The complete sentence of Benjamin Franklin is
No wonder he is often referred in American history as the reluctant revolutionary: the above sentence says it all. It actually reflects what we intend to do in an almost perfect match: pay attention to "...has an appearance that promises permanency" part of it. Promise of permanency is not exactly the same as permanency, and appearance of promise is even less that the promise itself. The doubt and disillusionment are inherent in the meaning of the sentence: "...but nothing can be certain" - what can be more pessimistic in principle?
This is what one needs to keep in mind when setting up a RAID array: its ability to survive single-disk failures without loss of data at all - if the failure is timely noticed and the corrective measures are taken - may actually backfire and escalate to a more dangerous situation specifically as the result of the very same corrective measures. This is not about just replacing the failed disk. There is more to it. Often, when operating on a damaged array one faces the situation when the first mistake is also the last one.
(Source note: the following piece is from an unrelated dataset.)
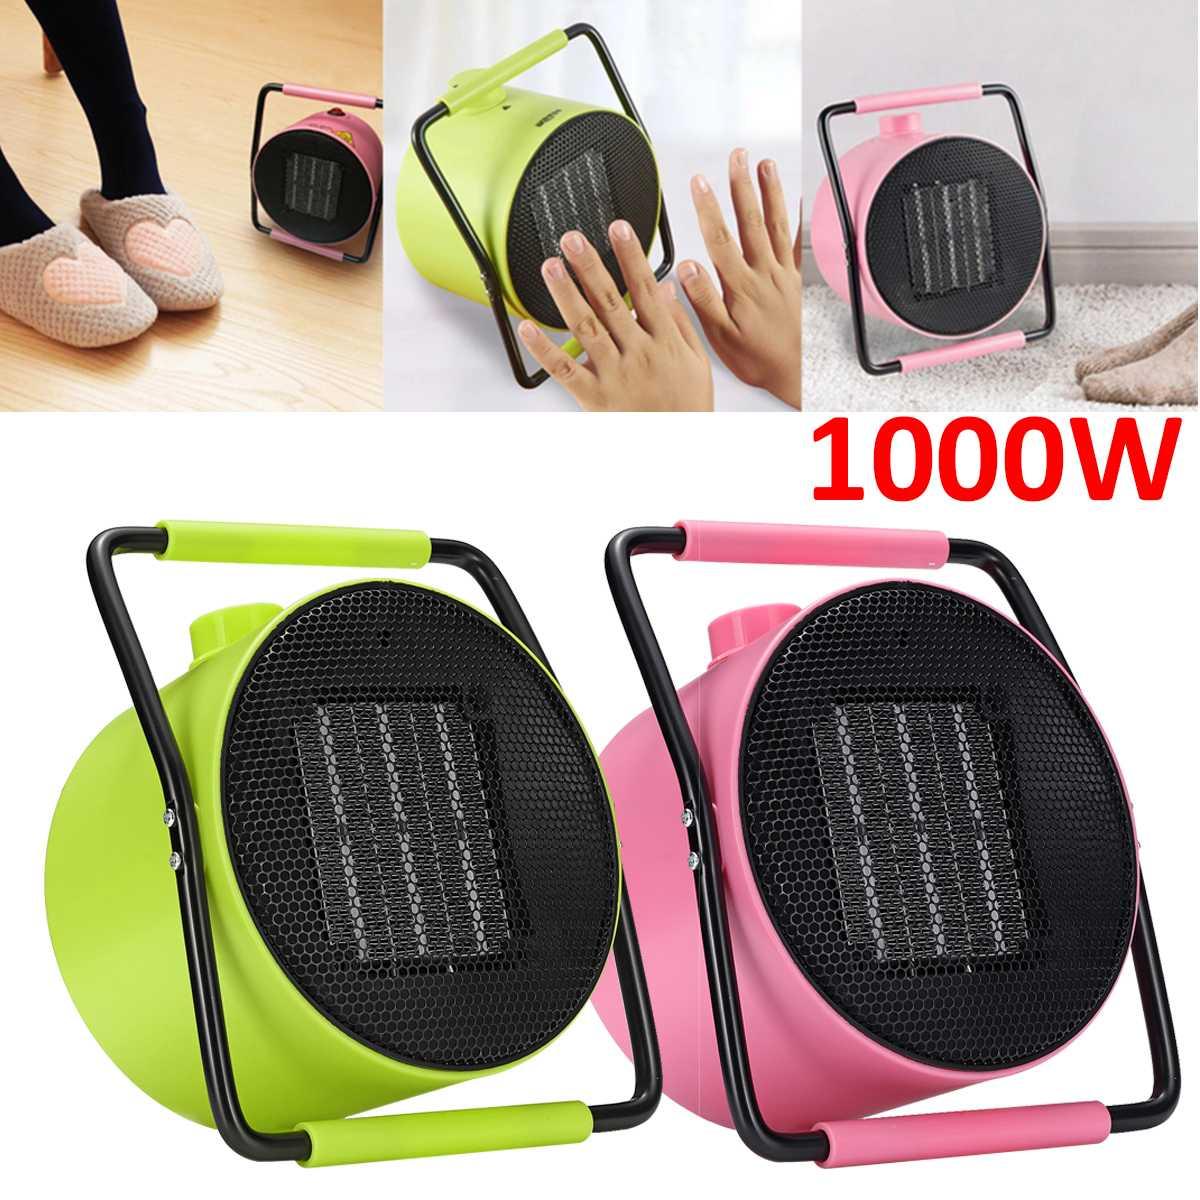 1000W Electric Heater Fan Portable Hand Heater Winter Mini ...

Therefore the purpose of this guide is to provide practical to-do's and not-to-do's based on first-hand experience accumulated during over 10 years, handling over 300 hard drives total, about 100 of which did actually fail. The primary focus is on mitigation of the risks of data loss and recovery techniques when something goes wrong. The principle behind RAID system is only briefly described here and should be looked elsewhere . We are interested only in RAID 5 and 6 any way.
This document is organized as follows:
Part I. Our New Constitution considers pros, cons, and other aspects of building and maintaining RAID arrays and is primarily written to expose pitfalls and patrick-traps.
Part II. Appearance that Promises Permanency considers practical issues of setting up of Linux software RAID system with the intent to make it maintainable in future - that is what needs to be done in order to prepare yourself to deal with harddrive failures long before any of them actually fail.
Part III. Certainty of Taxes addresses dealing with drive failures in different situations.
Part IV. Inevitability of Death is about long-term approach of dealing with hardware aging and obsolescence.
Before proceeding any further I have to put forward the usual disclaimer:
WARNING: Setting up your own do-it-yourself computer, Linux operating system, and/or Linux software RAID array may not be suitable for persons who value their time; it may result in loss of data due to hardware failures (including, but not limited to disks, SATA controllers, power supplies, etc..), software bugs, inappropriate maintenance practices, neglect, or whatever...
and, finally:
WARNING:
Some people, especially faculty members, may find the language of the
following text arrogant, insulting, and offensive to some degree.
It is actually meant to be this way.
Therefore, by proceeding reading beyond this line you are acknowledging
that you have read this warning and explicitly agreeing not to take it too
much personally.
Another option is to read the entire
Disclosure of Terms and Definitions
and take the insult only once and in a controllable way.
At first, welcome to LA, the World Capitol of cheap harddrives.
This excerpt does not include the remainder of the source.